Table may exist on the following conditions:
blocks in a row don’t follow flow layout; or
block is contained in potential shading
- Args:
potential_shadings (list): a group of shapes representing potential cell shading line_separate_threshold (float): two separate lines if the x-distance exceeds this value
- Returns:
list: A list of Lines. Each group of Lines represents a potential table.
Note
PyMuPDF
may group multi-lines in a row as a text block while each line belongs to different cell. So, it’s required to deep into line level.
- property floating_image_blocks#
- property inline_image_blocks#
Get inline image blocks contained in this Collection.
- property lattice_table_blocks#
Get lattice table blocks contained in this Collection.
- make_docx(doc)#
Create page based on parsed block structure.
- Args:
doc (Document, _Cell): The container to make docx content.

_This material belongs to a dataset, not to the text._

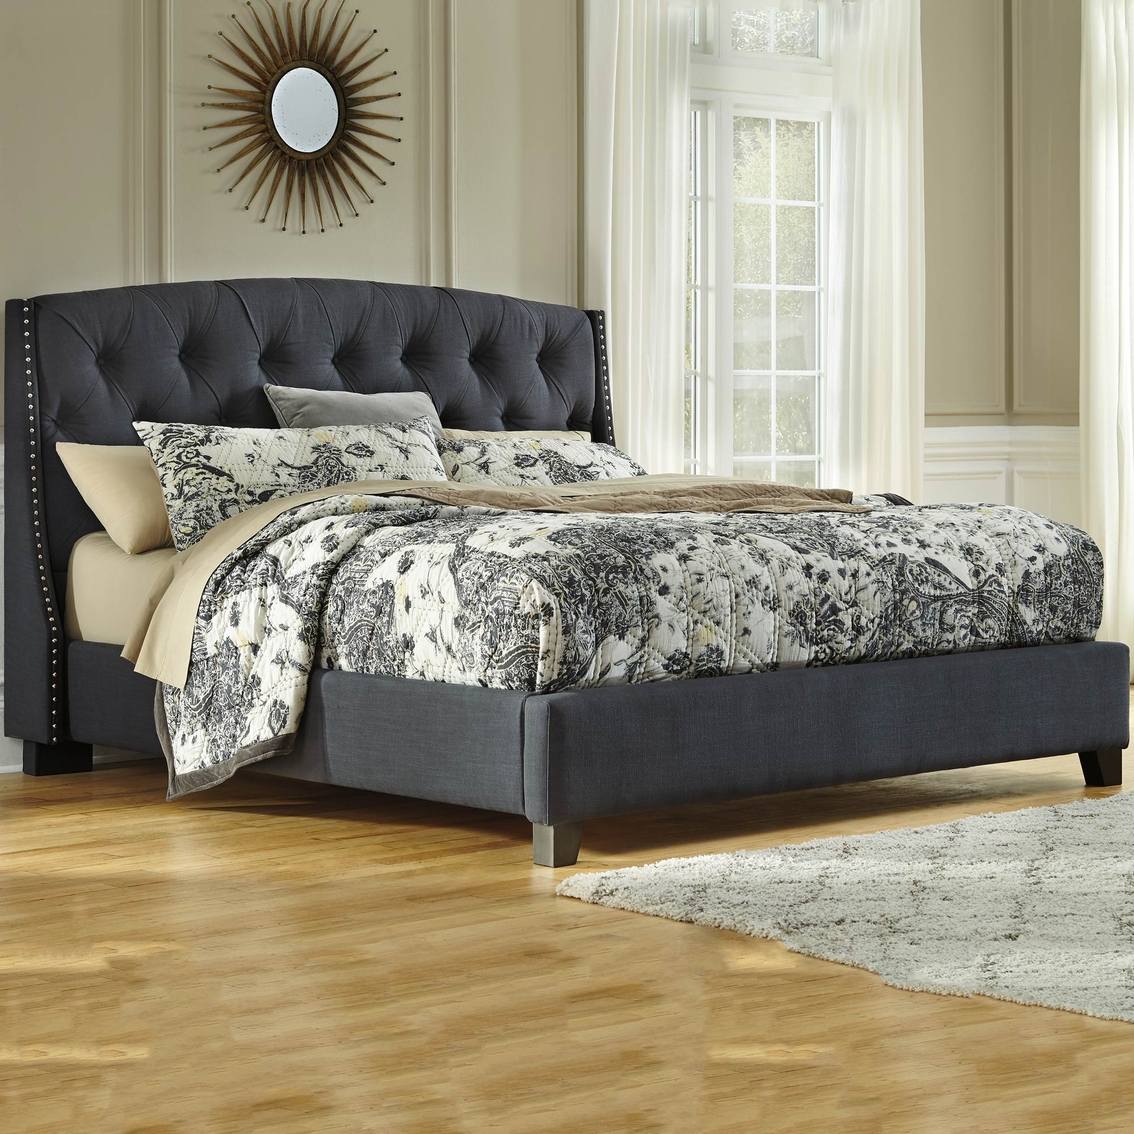 Ashley Kasidon Queen Tufted Upholstered Bed - Image 2 of 2

- parse_block(max_line_spacing_ratio: float, line_break_free_space_ratio: float, new_paragraph_free_space_ratio: float)#
Group lines into text block.
- parse_spacing(*args)#
Calculate external and internal space for text blocks:
vertical distance between blocks, i.e. paragraph before/after spacing
horizontal distance to left/right border, i.e. paragraph left/right indent
vertical distance between lines, i.e. paragraph line spacing
- parse_text_format(rects, delete_end_line_hyphen: bool)#
Parse text format with style represented by stroke/fill shapes.
- Args:
rects (Shapes): Potential styles applied on blocks. delete_end_line_hyphen (bool): delete hyphen at the end of a line if True.
- plot(page)#
Plot blocks in PDF page for debug purpose.
- restore(raws: list)#
Clean current instances and restore them from source dict. ImageBlock is converted to ImageSpan contained in TextBlock.
- Args:
raws (list): A list of raw dicts representing text/image/table blocks.
- Returns:
Blocks: self
- property stream_table_blocks#
Get stream table blocks contained in this Collection.
- property table_blocks#
Get table blocks contained in this Collection.
- property text_blocks#
Get text/image blocks contained in this Collection.